Heat, Hyperbole, and Pasta Salad

Post by: Kim

I don’t do well in summer heat.  There are few experiences more unpleasant in this city than that hot breath of stagnant air pushed out of the subway tunnel by an oncoming train.  If left in the sun, I will whine and protest until covered by an awning or sheltered by a tree branch and will happily cross the street to avoid a sunny sidewalk.  So when I watched the weather report yesterday and realized that we were in for yet another bout of 90 degree weather, I moaned and complained bitterly that our forecasted weather was a full ten degrees above the average temperature for mid August.  It’s enough to make me grumpy until fall. 

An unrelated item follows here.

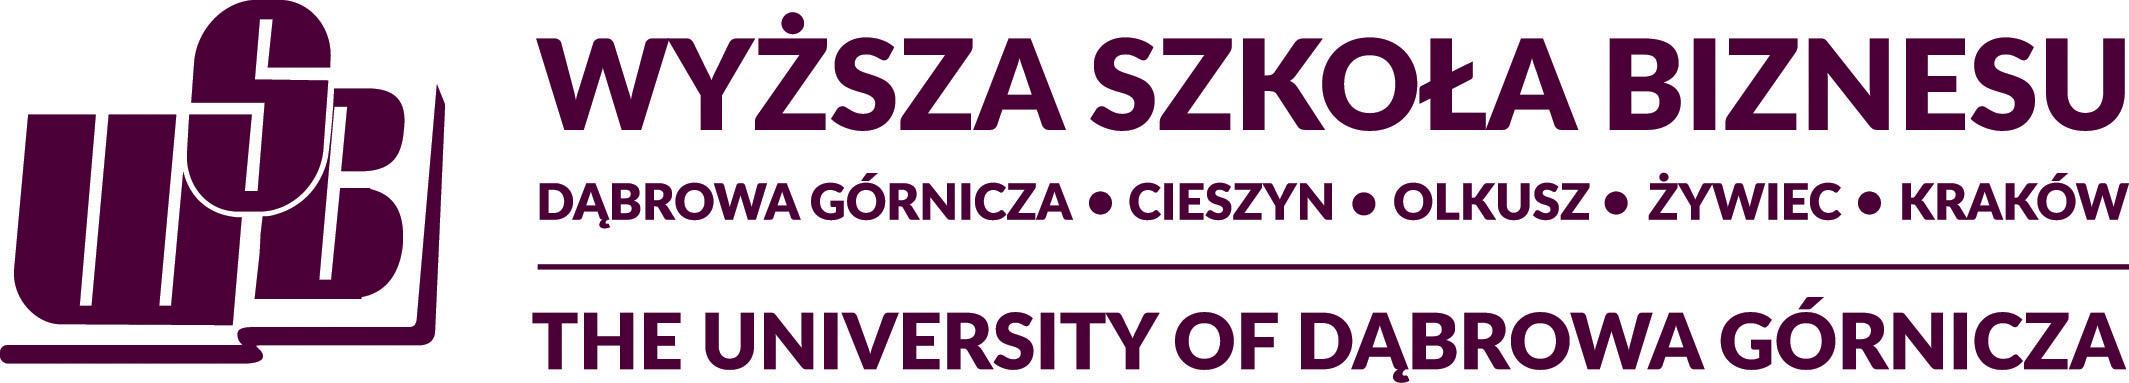 UNIVERSITY OF DABROWA GORNICZA, FACULTY OF APPLIED SCIENCES, POLAND

With my sensitivity to heat being what it is, sitting in front of a stove in a kitchen equipped with little else than a window to keep me cool is a daunting task.  Baking has all but ceased for the season and meals that require very little preparation are preferable.  In this sort of weather, I need something simple.  Avocado on toast.  Or pasta salad. 

 

Kitschy as it may be, if well done pasta salad is a beloved part of any al fresco summer meal when the weather is bearable and dinners spent in front of the air conditioner recovering from one’s commute when it’s not.  There are an unlimited number of variations on pasta salad but this one strikes a perfect balance.  The bite of the vinegar and garlic is tempered by a subtle creaminess that is absorbed by the warm pasta.  It’s satisfying without being too creamy or heavy.   It’s also the kind of recipe that allows you to assemble your ingredients in 15 minutes or so in the relative cool of your kitchen before you put on the pasta water and promptly abandon the heat of the stove.  It can be served chilled or at room temperature. 

This recipe calls for ingredients widely available at any grocery store or market.  If you have difficulty finding capers, keep an eye out for Goya and Roland brands which are widely distributed and decently priced (under $3 at my corner store).  You should have no trouble finishing the jar; although I used to hate them, capers add a subtle briny flavor to any number of dishes and vinaigrettes and can be used as an alternative to anchovies.  Rinse them if the capers are too intense straight from the jar. 

Pasta Salad with Cauliflower

Adapted from Deborah Madison’s Vegetarian Cooking for Everyone

1 medium head cauliflower

1 lb corkscrew pasta

½ to ¾ cup finely chopped scallions

2 tomates, finely diced

1 large shallot or ¼ sweet onion, finely diced

2 cloves garlic, grated or finely minced

¼ cup finely chopped parsley

2 tablespoons capers, rinsed, finely chopped

1/3 cup extra virgin olive oil

2 tablespoons red or white wine vinegar

2 tablespoons mayonnaise or sour cream

1 tablespoon Dijon mustard

Lemon juice, to taste

Salt and pepper, to taste

1 tablespoon chives (optional)

In a large pot, bring 4 liters of salted water to a boil. 

In a medium bowl, combine the scallions, tomatoes, shallots, garlic, parsley, and capers.  Add the vinegar, mayonnaise, and Dijon then gradually whisk in approximately 1/3 cup of extra virgin olive oil until the mixture is combined. 

Cut the florets from the head of cauliflower into bite-size pieces and set aside. 

Add the pasta when the water is at a rolling boil.  When the pasta is half-cooked and is still quite firm in the middle, add the cauliflower to the pot.  You can add the cauliflower later in the cooking process for a quick blanche but be careful not to leave it in for too long as it will fall apart in your salad.  You can also cook the pasta and cauliflower separately, as recommended by Deborah Madison. 

Drain the pasta and cauliflower, return to the pot.  Add the vinaigrette and tomato mixture and toss gently until everything is evenly incorporated.  Add lemon juice, salt and pepper to taste.